=== Dataset excerpt ===
--- START ---
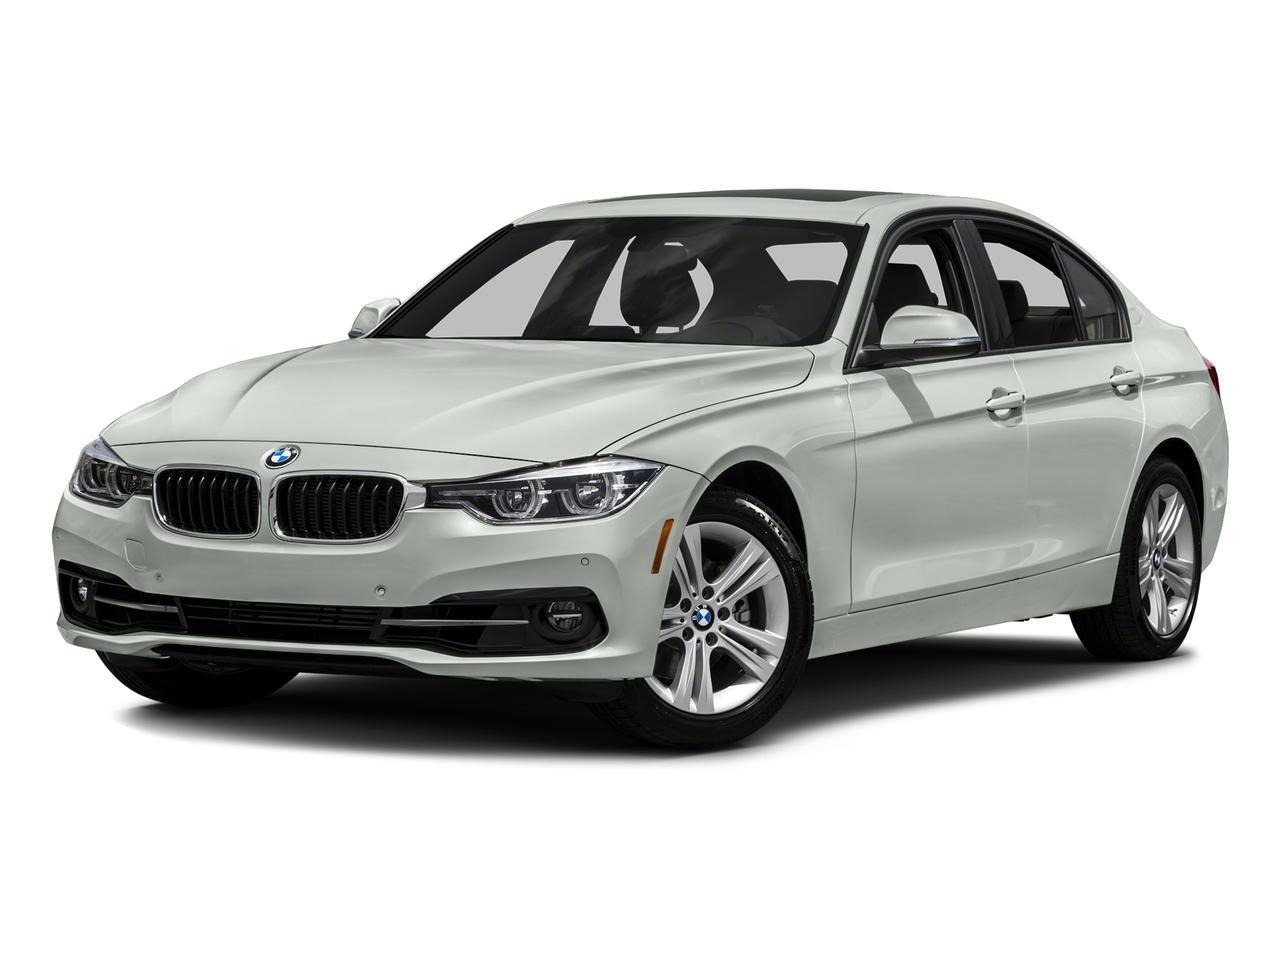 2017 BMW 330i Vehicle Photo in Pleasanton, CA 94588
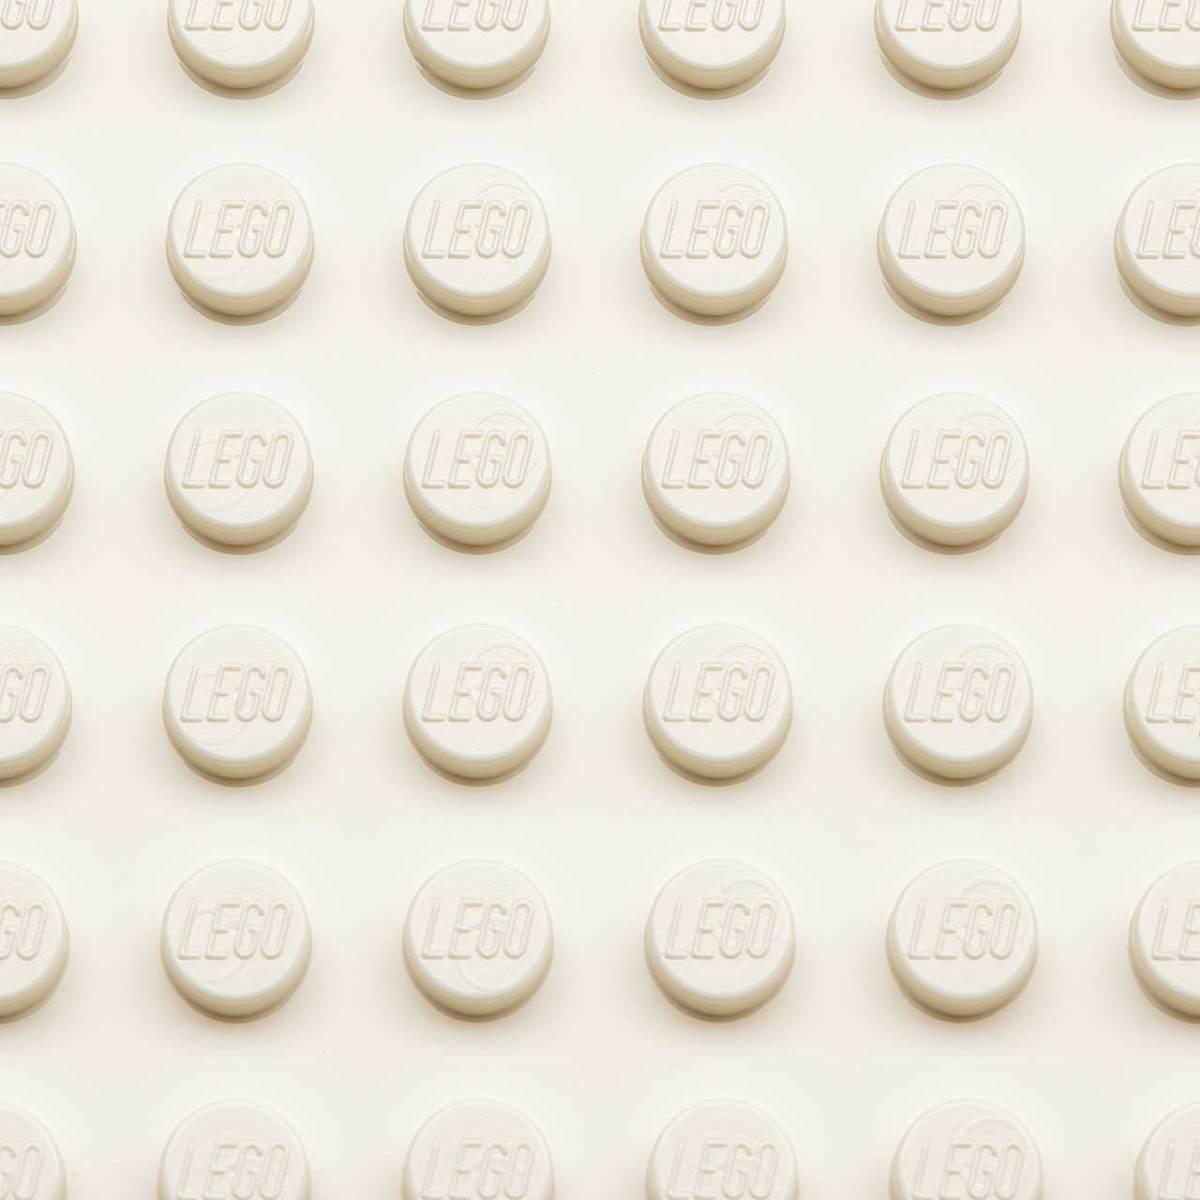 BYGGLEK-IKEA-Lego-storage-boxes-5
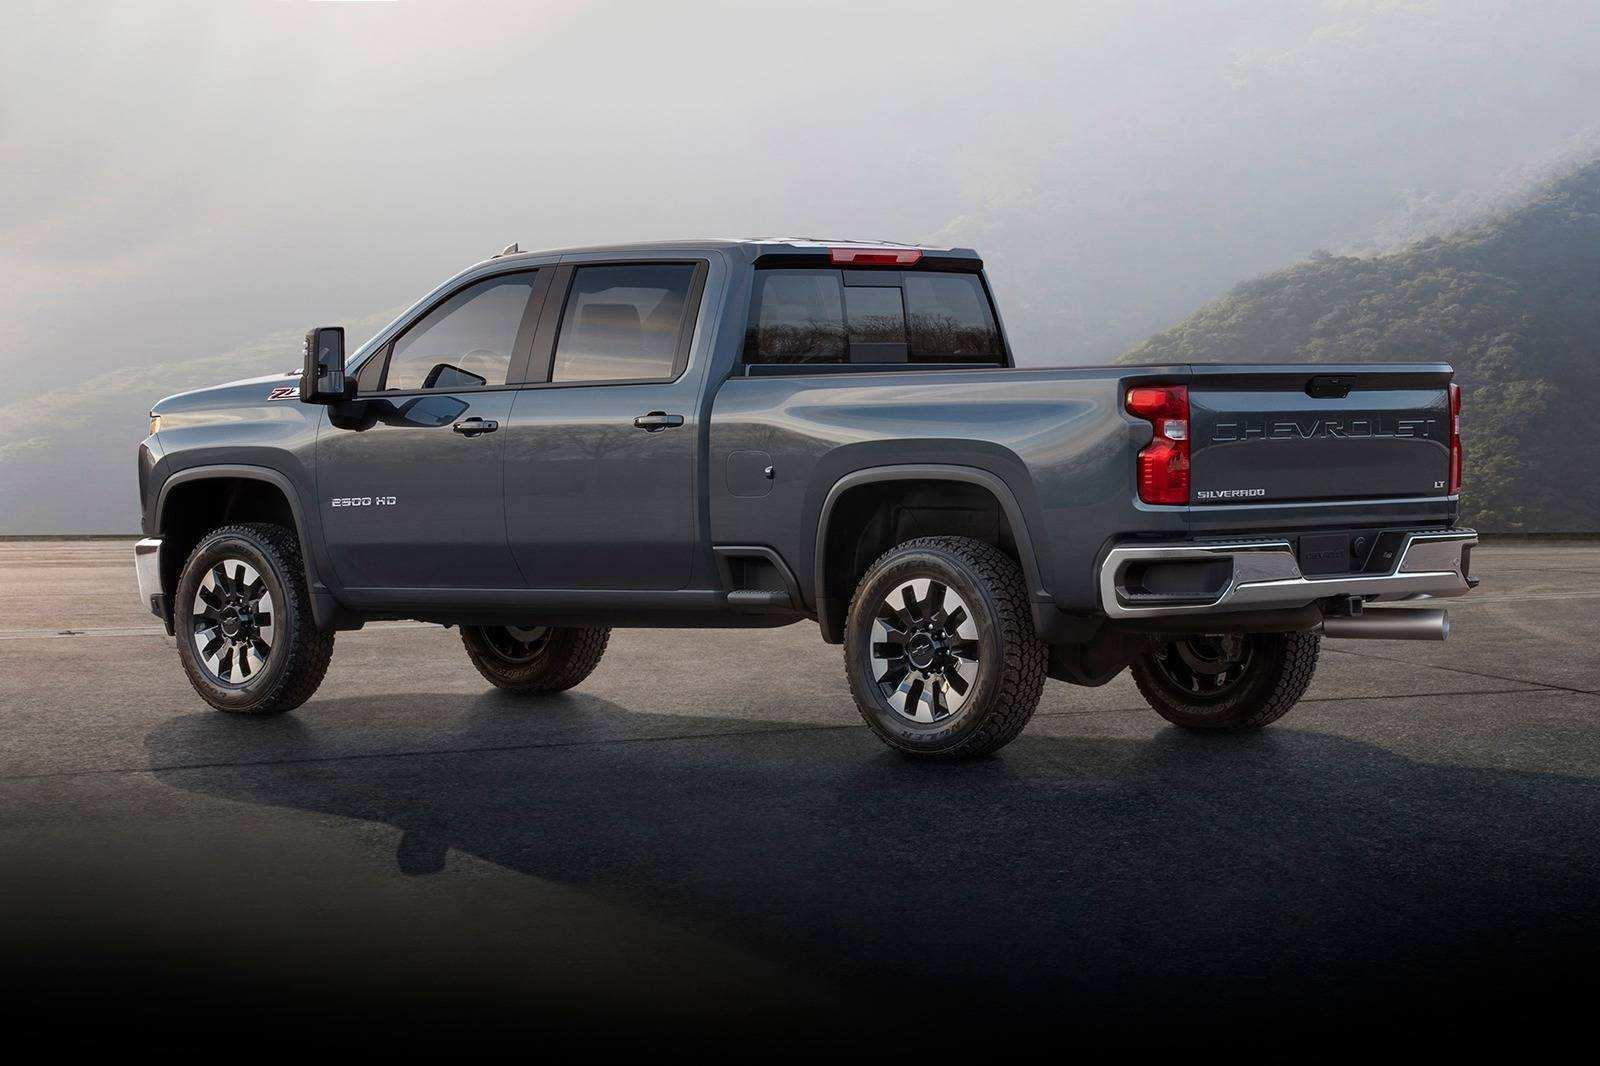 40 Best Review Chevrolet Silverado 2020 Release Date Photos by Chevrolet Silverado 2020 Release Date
--- END ---
=== Instructions to follow ===
The lines from the one containing "BYGGLEK-IKEA-Lego-storage-boxes-5" to the final line of the material, both ends included, should be retyped exactly and alone, with no pictures.

=== Result below ===
 BYGGLEK-IKEA-Lego-storage-boxes-5
 40 Best Review Chevrolet Silverado 2020 Release Date Photos by Chevrolet Silverado 2020 Release Date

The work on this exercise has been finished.